= Buckeye Bulldog =

The Buckeye Bulldog is a 1984 Mack Super Liner "Super Semi" built, owned and operated by Jesse Ray (J.R.) Collins (died September 2022), who resides in Chardon, Ohio. The Buckeye Bulldog is currently competing professionally in the National Tractor Pullers Association (NTPA). Collins, along with his pulling team (J.R. Collins Pulling Team) have won several National Championships throughout its 25-year career, and has been active in the pulling world longer than almost any other "Super Semi" in America. The Buckeye Bulldog also made an appearance in 2007 at an exposition pull in Rotterdam, Holland. The Buckeye Bulldog was shipped overseas to compete in a pull for the European Tractor Pullers Association with teams from all around the world.
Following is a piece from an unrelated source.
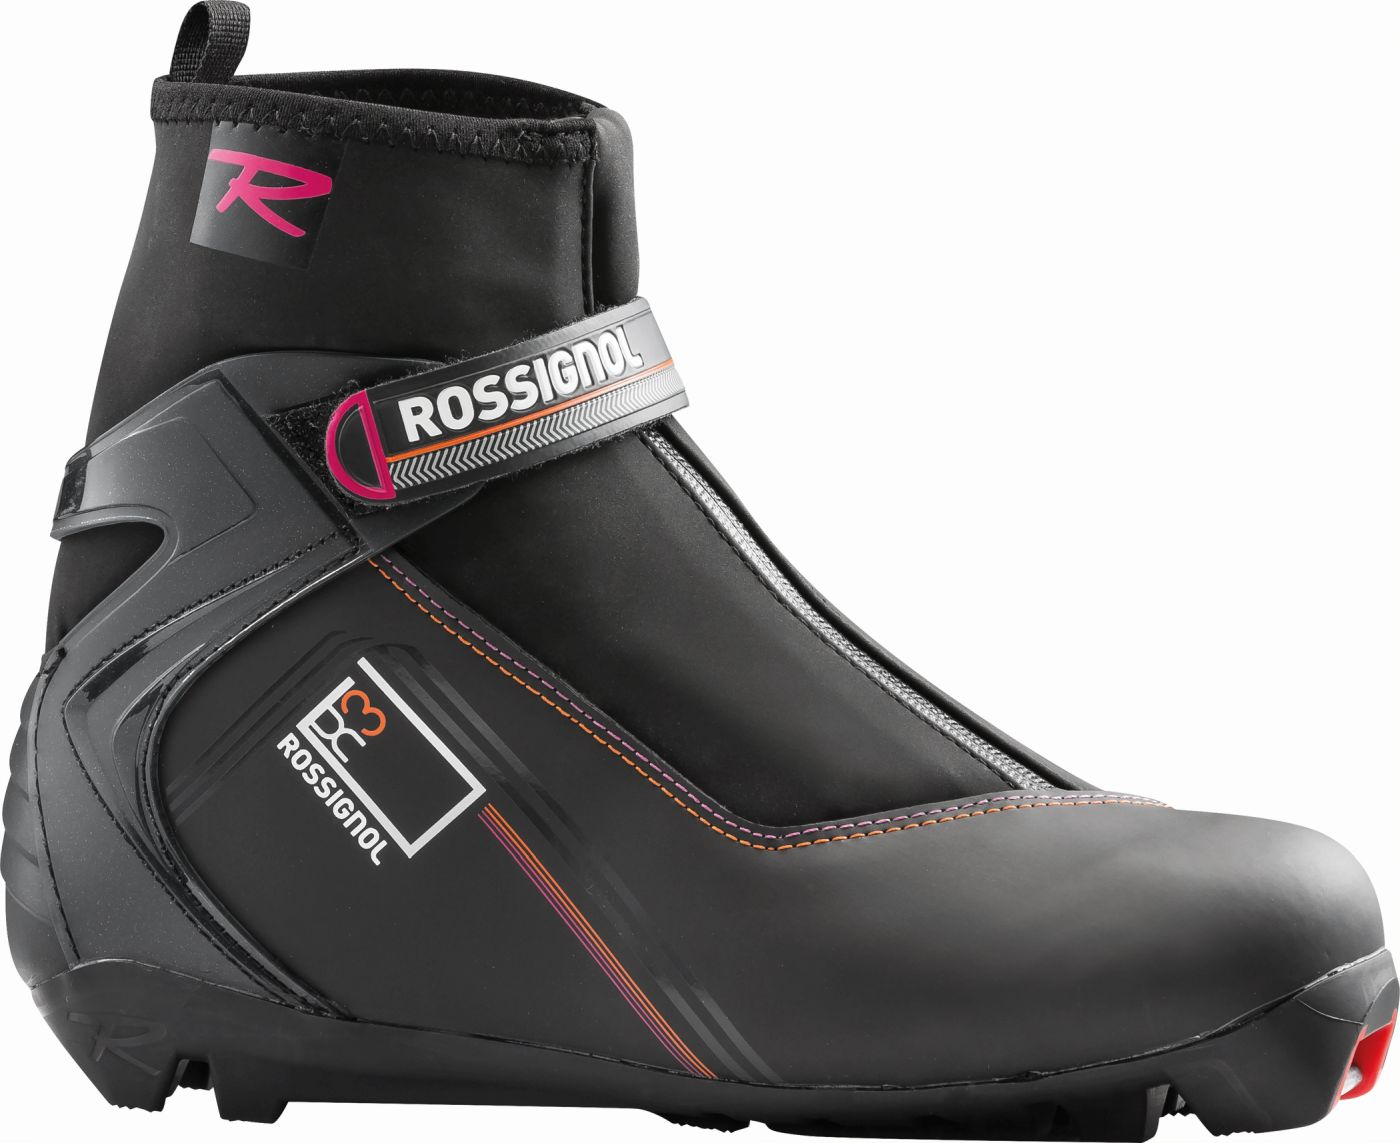 612944a8faf90 Rossignol eshop - Bežecká obuv: X-3 FW

The Buckeye Bulldog runs on a Mack V-8 Engine with four Turbo-Chargers, and displaces 998 cubic inches. Though it had at times in the past been run off anywhere from one to six Turbo-Chargers, it is now back to only four.

The "calling card" of the Buckeye Bulldog is the fire that is released from the truck's exhaust pipes before and after every pull.

==History==
The Buckeye Bulldog is a five-time NTPA Super Semi Champion, and also a win in the famous Indy Super Pull in the early 1980s. J.R. has also won Three Super Semi "Puller of the Year" titles.

Before the 2009 pulling season, the Buckeye Bulldog was cosmetically and mechanically revamped, including a whole new red paint job, a new fiberglass cab, as well as a vast amount of under body suspension work. Though some controversy arose to other pullers in the Buckeye Bulldog's circuit, it was resolved by the end of the 2009 season. The truck is now a total of 2,340 pounds less than it was before the 2009 season.

The pulling team and truck are officially sponsored by Mack Trucks, Inc.